Коньков поднял голову и оглянул стройную фигурку Люси. За два года своего плена он не мог не полюбить её, за её любовь к нему. Иногда он чувствовал к ней большую нежность, ему хотелось приласкаться, но вспоминались другие ласки, и он уходил петь свои песни, вспоминать сраженья, вспоминать прежнюю родную любовь. И всё возмущалось тогда в нём, и презирал он в те минуты себя, решался бежать, но не хватало духу покинуть любящую женщину, всё повергшую к ногам его. Он упрекал себя в малодушии. Он собирался уходить, укладывал вещи, шёл проститься, но она упрашивала его остаться одну неделю, один день, покрывала его самыми знойными поцелуями, и он оставался. «Где мой характер?! Где моя сила воли?! — спрашивал он себя и не находил ответа. — Что с Ольгой, жива ли, здорова ли?
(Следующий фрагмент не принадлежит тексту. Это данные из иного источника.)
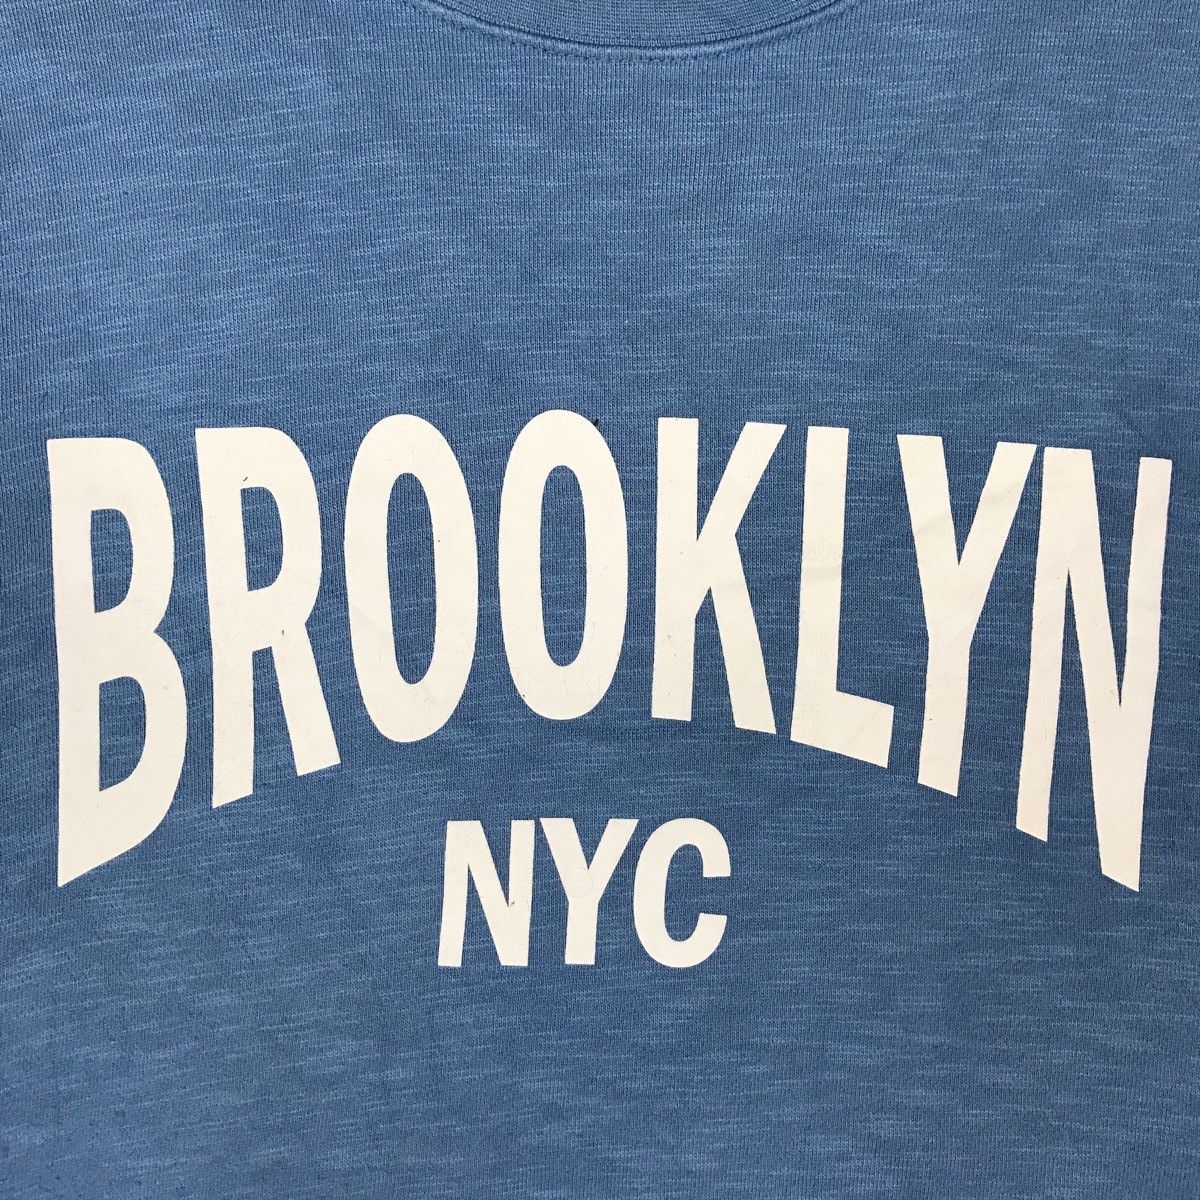 H&M Hennes and Mauritz H&M Brooklyn NYC Spell Out Pullover Size US L / EU 52-54 / 3 - 3 Thumbnail

Любит ли?» — «Конечно, любит», — говорило сердце. «Ещё один месяц», — думал он и оставался больше...
А когда наступила эта дивная вторая весна, весна, в которую он уже был совершенно здоров, сильнее защемило сердце и больше затосковал он по родине.
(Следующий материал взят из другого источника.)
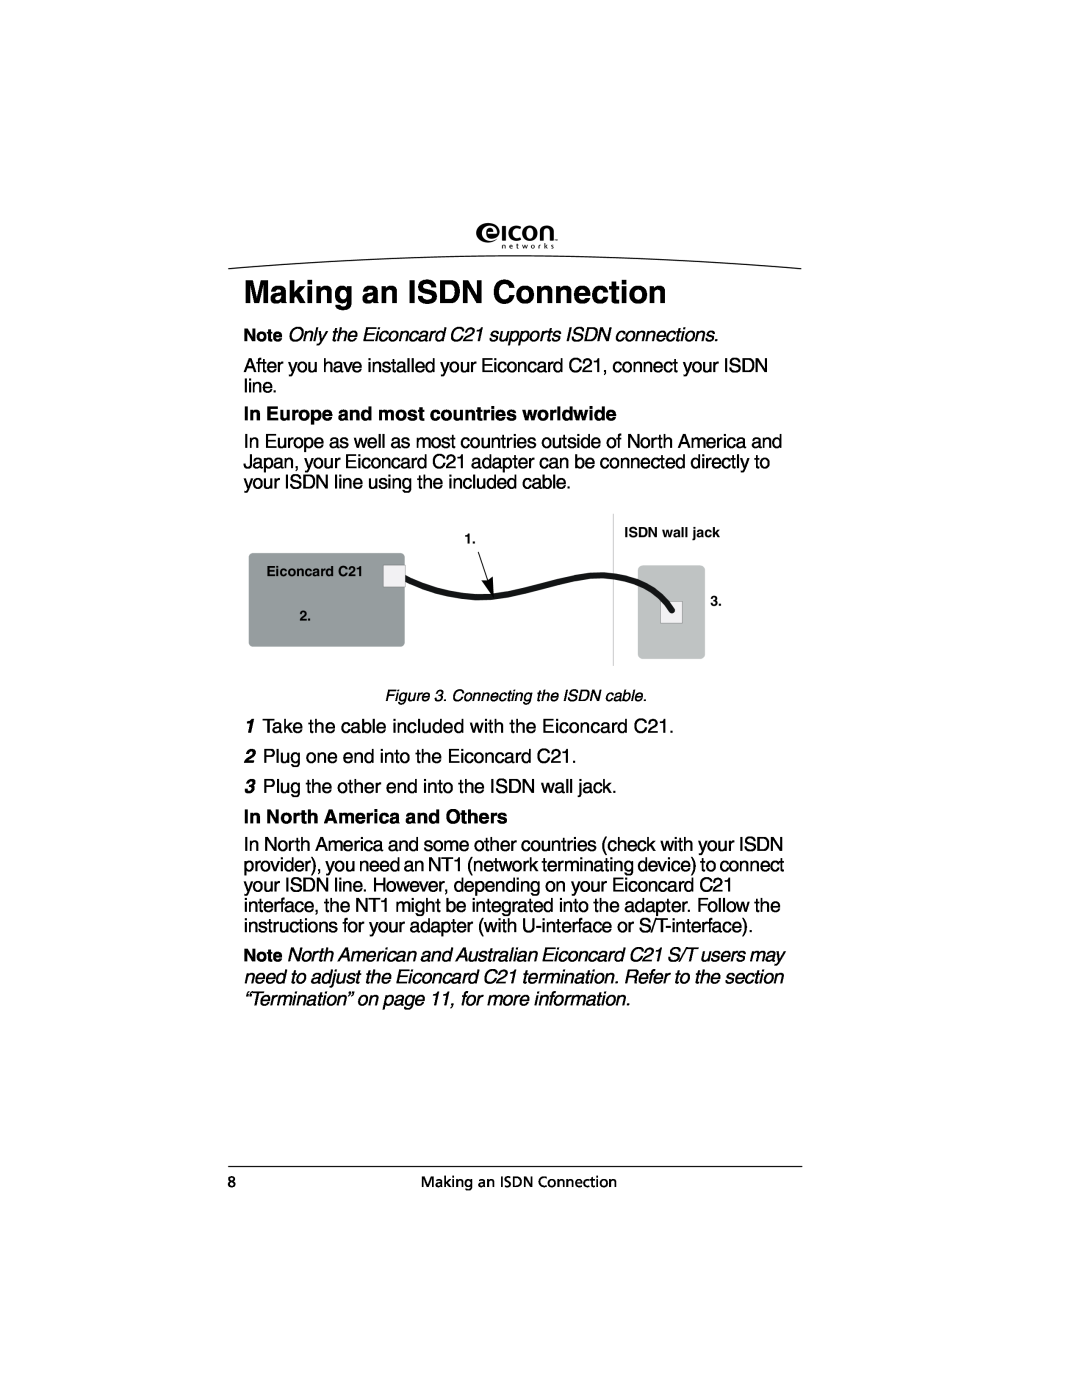 Eicon Networks C2x Family manual Making an ISDN Connection, Note Only the Eiconcard C21 supports ISDN connections

О, как бы дорого он дал, чтобы снова служить в полку, увидеть Платова, ходить в Новочеркасский сад и слушать удалые напевы полковых песенников. Что-то поделывает Зазерсков, Маруся, вышла ли она опять замуж или вдовой коротает свой век? А аромат степи, запах сена, маштачки, нагруженные вьюком, и казаки, нагнувшиеся к луке, мазанки, — милые родные картинки далёкой бедной родины, как жаждал он видеть их вновь!
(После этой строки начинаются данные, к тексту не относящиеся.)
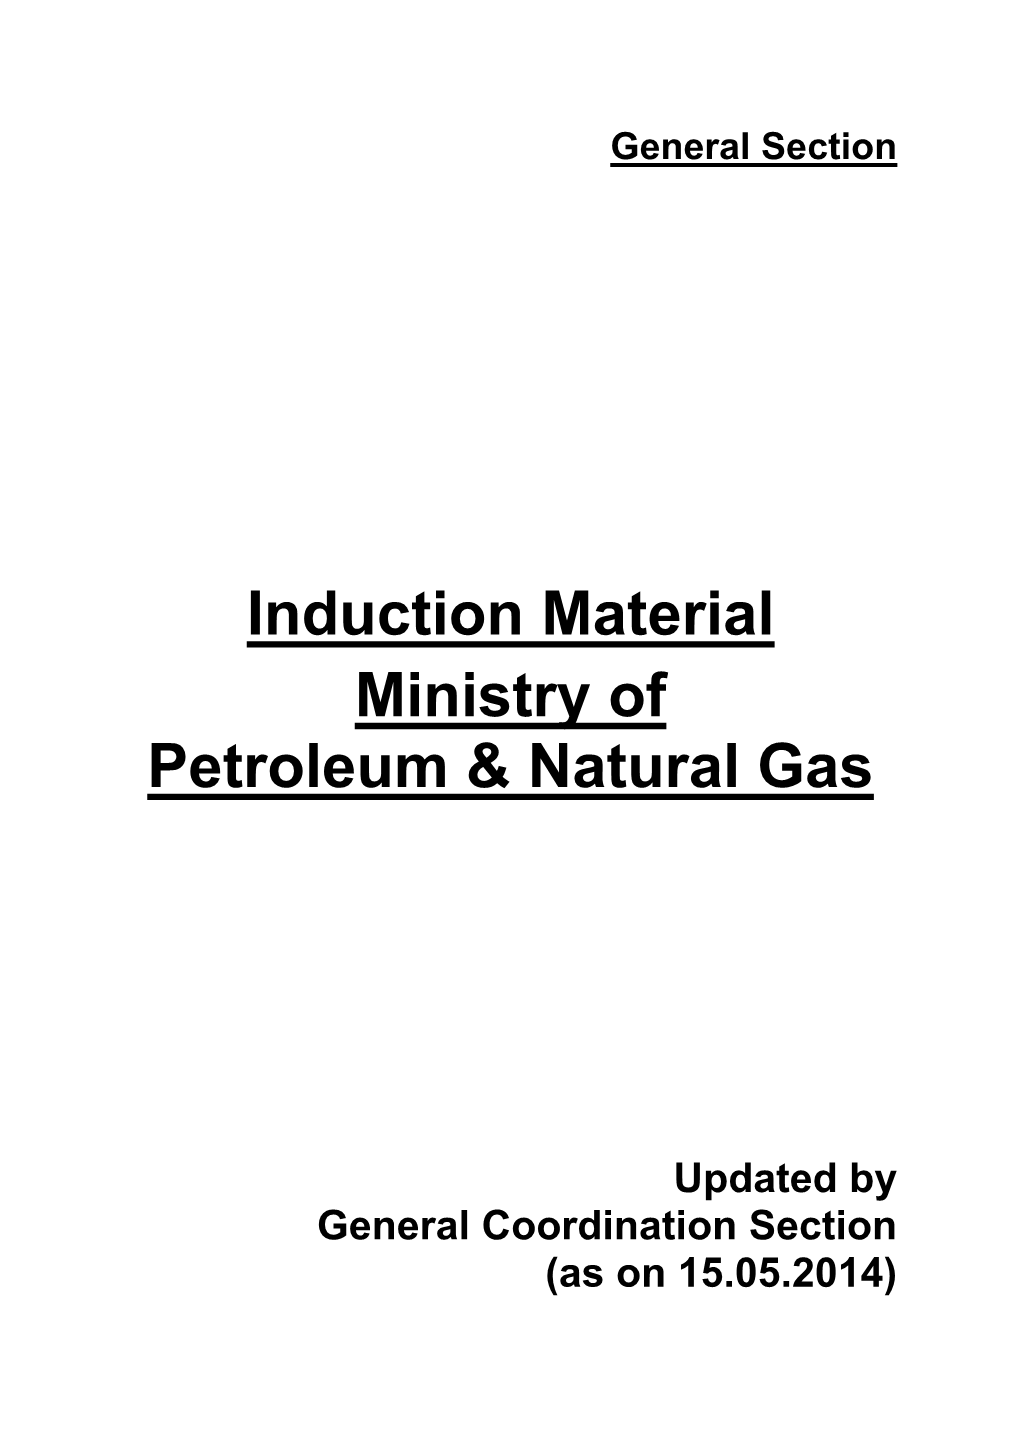 Induction Material Ministry of Petroleum & Natural

Как хотелось ему порою съесть кусок чёрного хлеба, уху из гекомасов, запить нордеком... Чего бы он не дал за стакан цимлянского, за беседу с казаком, за объятия Ольги!
Но приходила Люси, изящная, страстная, всегда одетая со вкусом, роскошная и нарядами и красотою, и бледнел Коньков и подчинялся ей, как подчинялся Платову, Милорадовичу, словно он был в командировке. Он ездил с нею верхом, легко сажал её в седло, пел ей свои песни, но тосковал и худел с каждым днём более и более. Наконец Люси это заметила.
— Слушай, голубчик, хочешь, поезжай завтра к своим на родину. Повидай невесту, если она свободна, останься у ней. А если она не дождалась тебя, если она обманула, — если не достойна твоей любви, ты вернёшься ко мне; хорошо, мой друг?
— А ты-то как же?
— Я ничего, — а сама плакала, и слёзы текли по её лицу, падали на подбородок. Он взял её за голову, наклонил к себе и поцелуями осушал её^глаза.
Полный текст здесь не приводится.